Re: Why single periods in regex in spamassassin rules?

2021-04-25 Thread Kevin A. McGrail
Completely agree with Joe. Normally if we did that we saw some situation
where they were using something other than a space perhaps a pipe or a plus
or a non-printable character or something else. So we made the rest of the
role like that to future proof it against other variants of the same spam.

On Sun, Apr 25, 2021, 08:51 Joe Quinn  wrote:

> On 4/23/21 2:52 PM, David B Funk wrote:
> > On Fri, 23 Apr 2021, Steve Dondley wrote:
> >
> >> I'm looking at KAM.cf. There is this rule:
> >>
> >> body__KAM_WEB2  /INDIA based
> >> IT|indian.based.website|certified.it.company/i
> >>
> >> I'm wondering if there is a good reason why a singe period is used
> >> instead of something like \s+ which would catch multiple spaces
> >> whereas a singe period doesn't.
> >
> > Because '/indian.based.website'/ will match 'indian-based_website' but
> > \s will not.
> >
> >
> This is the real reason (or at least, it was for all of my contributions
> to KAM.cf).

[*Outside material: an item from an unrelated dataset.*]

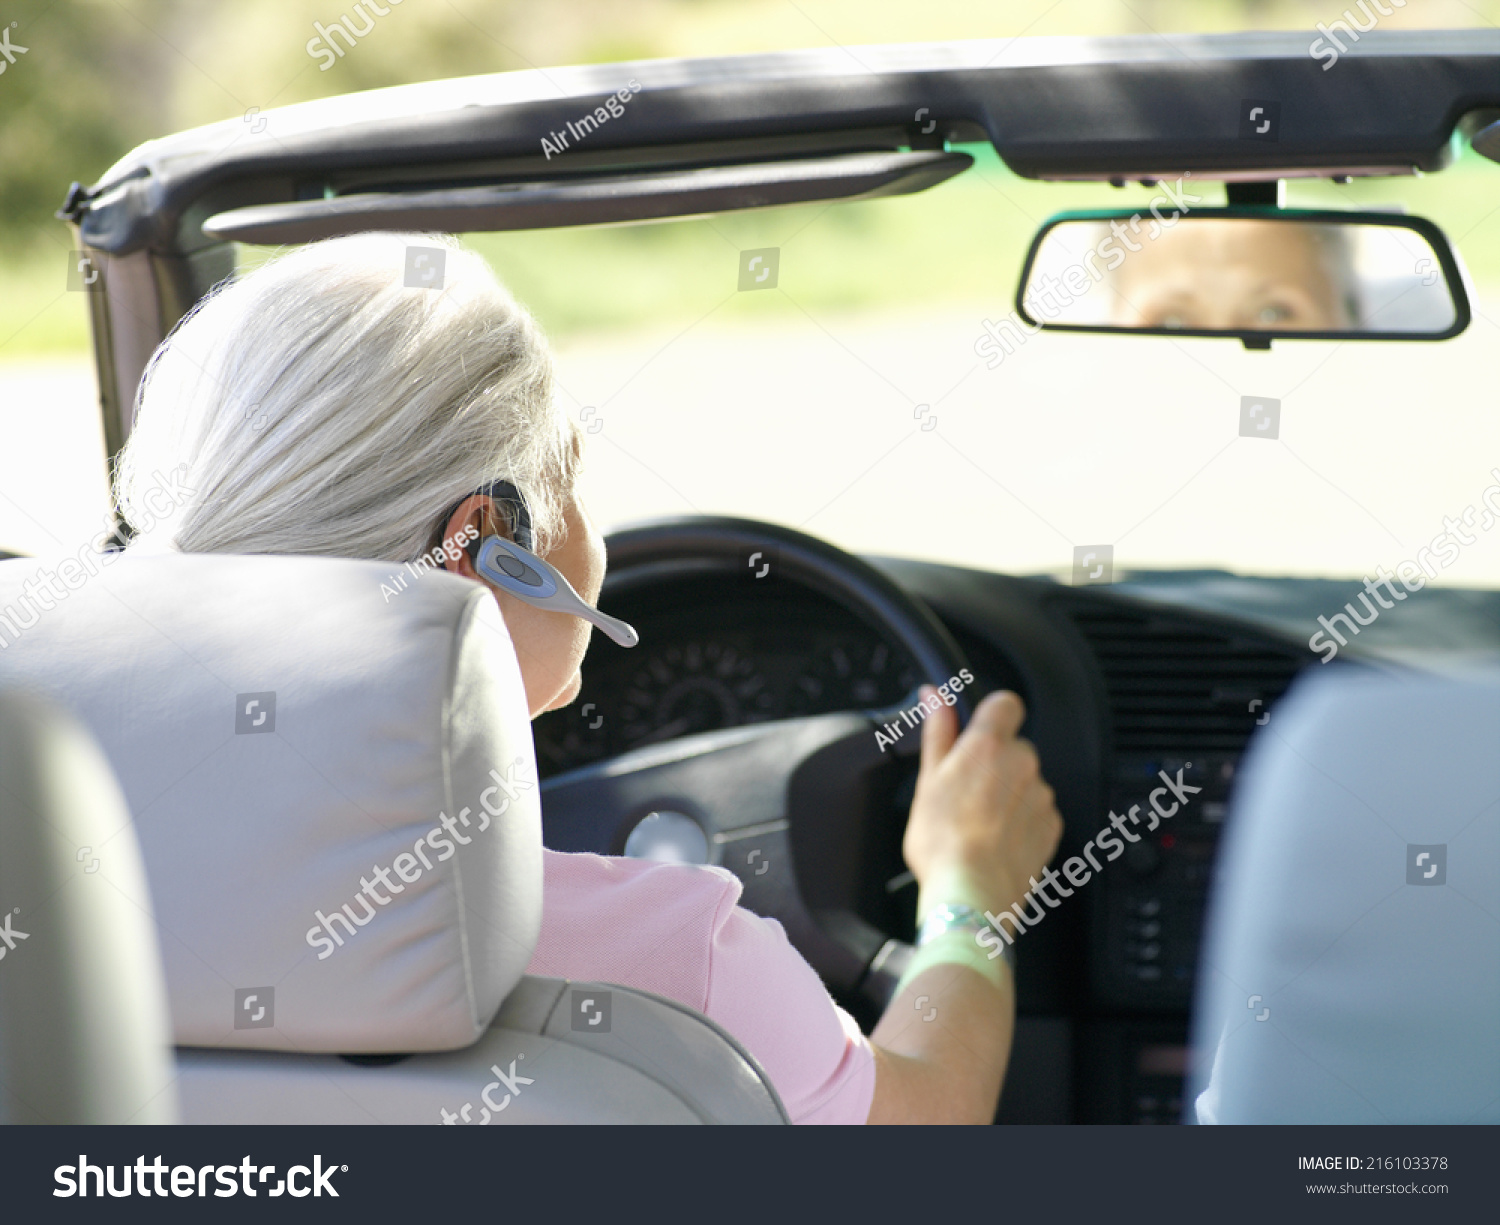 Woman with hands-free device in car, rear view #216103378

I was also concerned about tricks like  , which is
> visibly a space but has all the technical characteristics of
> non-whitespace. Using "." was easier than knowing everything about
> unicode codepoints.
>
>


Re: Why single periods in regex in spamassassin rules?

2021-04-25 Thread Joe Quinn

On 4/23/21 2:52 PM, David B Funk wrote:

On Fri, 23 Apr 2021, Steve Dondley wrote:


I'm looking at KAM.cf. There is this rule:

body    __KAM_WEB2  /INDIA based 
IT|indian.based.website|certified.it.company/i


I'm wondering if there is a good reason why a singe period is used 
instead of something like \s+ which would catch multiple spaces 
whereas a singe period doesn't.


Because '/indian.based.website'/ will match 'indian-based_website' but 
\s will not.



This is the real reason (or at least, it was for all of my contributions 
to KAM.cf). I was also concerned about tricks like  , which is 
visibly a space but has all the technical characteristics of 
non-whitespace. Using "." was easier than knowing everything about 
unicode codepoints.




Re: Why single periods in regex in spamassassin rules?

2021-04-24 Thread John Hardin

On Fri, 23 Apr 2021, RW wrote:


On Fri, 23 Apr 2021 13:52:40 -0500 (CDT)
David B Funk wrote:


On Fri, 23 Apr 2021, Steve Dondley wrote:


I'm looking at KAM.cf. There is this rule:

body__KAM_WEB2  /INDIA based
IT|indian.based.website|certified.it.company/i

I'm wondering if there is a good reason why a singe period is used
instead of something like \s+ which would catch multiple spaces
whereas a singe period doesn't.


Because '/indian.based.website'/ will match 'indian-based_website'
but \s will not.


\W+ might be better though


Not unbounded it isn't. \W{1,5} might be better without being runaway.

--
 John Hardin KA7OHZhttp://www.impsec.org/~jhardin/
 jhar...@impsec.org pgpk -a jhar...@impsec.org
 key: 0xB8732E79 -- 2D8C 34F4 6411 F507 136C  AF76 D822 E6E6 B873 2E79
---
  Are you a mildly tech-literate politico horrified by the level of
  ignorance demonstrated by lawmakers gearing up to regulate online
  technology they don't even begin to grasp? Cool. Now you have a
  tiny glimpse into a day in the life of a gun owner.   -- Sean Davis
---
 329 days since the first private commercial manned orbital mission (SpaceX)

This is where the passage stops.